Let's call θ the angle between BC and the horizontal.

Draw a free body diagram for each block.

There are 4 forces acting on block D:

Weight force P pulling down,

Normal force N₁ pushing perpendicular to AB,

Friction force N₁μ pushing parallel up AB,

and tension force T pushing parallel up AB.

There are 4 forces acting on block E:

Weight force P pulling down,

Normal force N₂ pushing perpendicular to BC,

Friction force N₂μ pushing parallel to BC,

and tension force T pulling parallel to BC.

Sum of forces on D in the perpendicular direction:

∑F = ma

N₁ − P sin θ = 0

N₁ = P sin θ

Sum of forces on D in the parallel direction:

∑F = ma

T + N₁μ − P cos θ = 0

T = P cos θ − N₁μ

T = P cos θ − P sin θ μ

T = P (cos θ − sin θ μ)

Sum of forces on E in the perpendicular direction:

∑F = ma

N₂ − P cos θ = 0

N₂ = P cos θ

Sum of forces on E in the parallel direction:

∑F = ma

N₂μ + P sin θ − T = 0

T = N₂μ + P sin θ

T = P cos θ μ + P sin θ

T = P (cos θ μ + sin θ)

Set equal:

P (cos θ − sin θ μ) = P (cos θ μ + sin θ)

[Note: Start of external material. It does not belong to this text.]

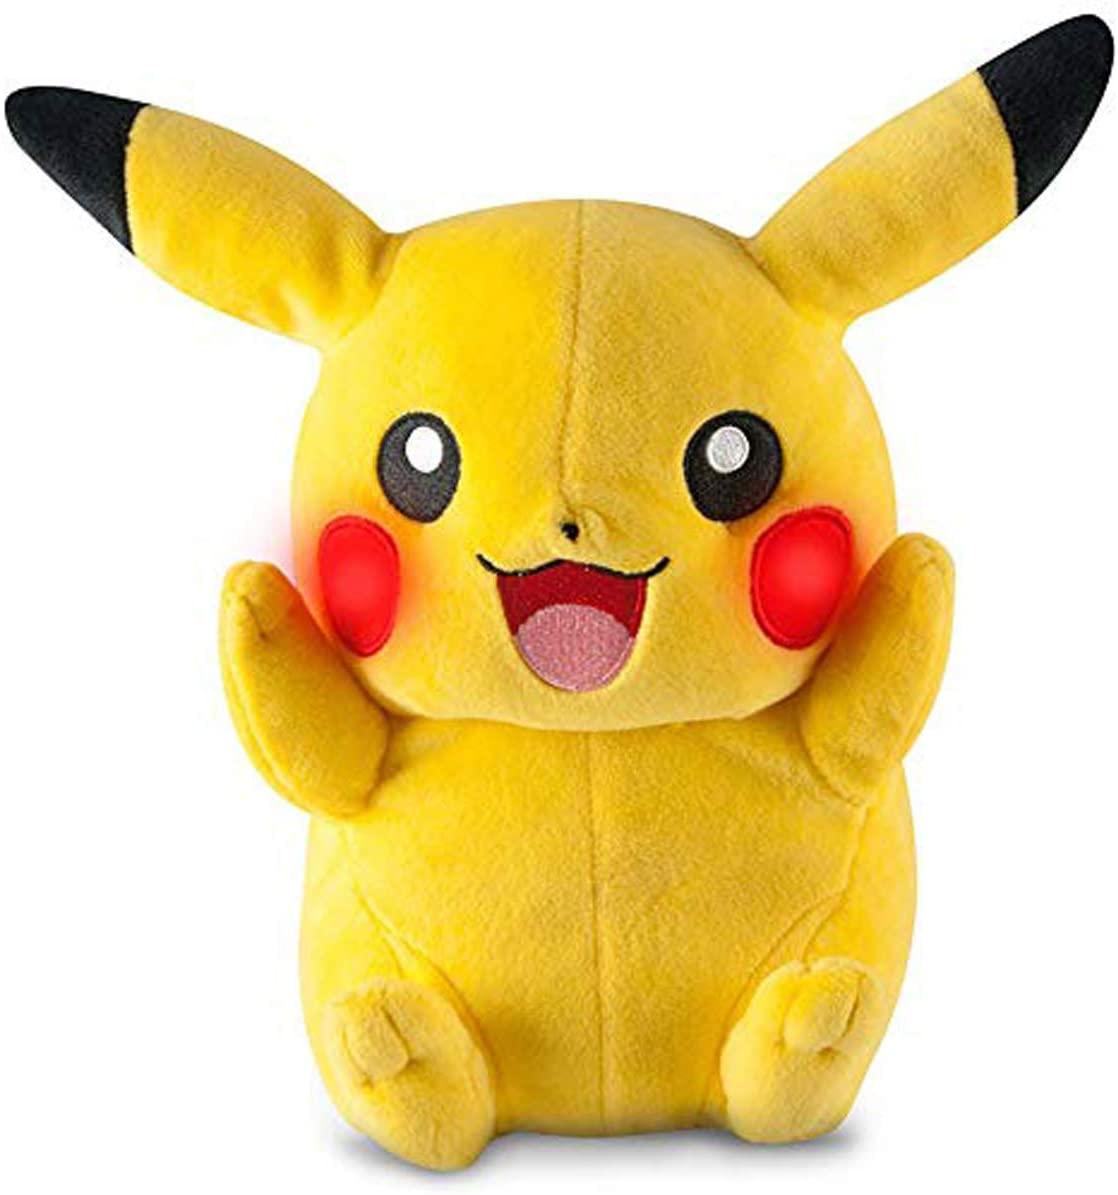 WCT Pikachu 8 Plush

cos θ − sin θ μ = cos θ μ + sin θ

1 − tan θ μ = μ + tan θ

1 − μ = tan θ μ + tan θ

1 − μ = tan θ (μ + 1)

tan θ = (1 − μ) / (1 + μ)

Plug in values:

tan θ = (1 − 0.4) / (1 + 0.4)

θ = 23.2°

∠BCA = 45°, so the angle of AC relative to the horizontal is 45° − 23.2° = 21.8°.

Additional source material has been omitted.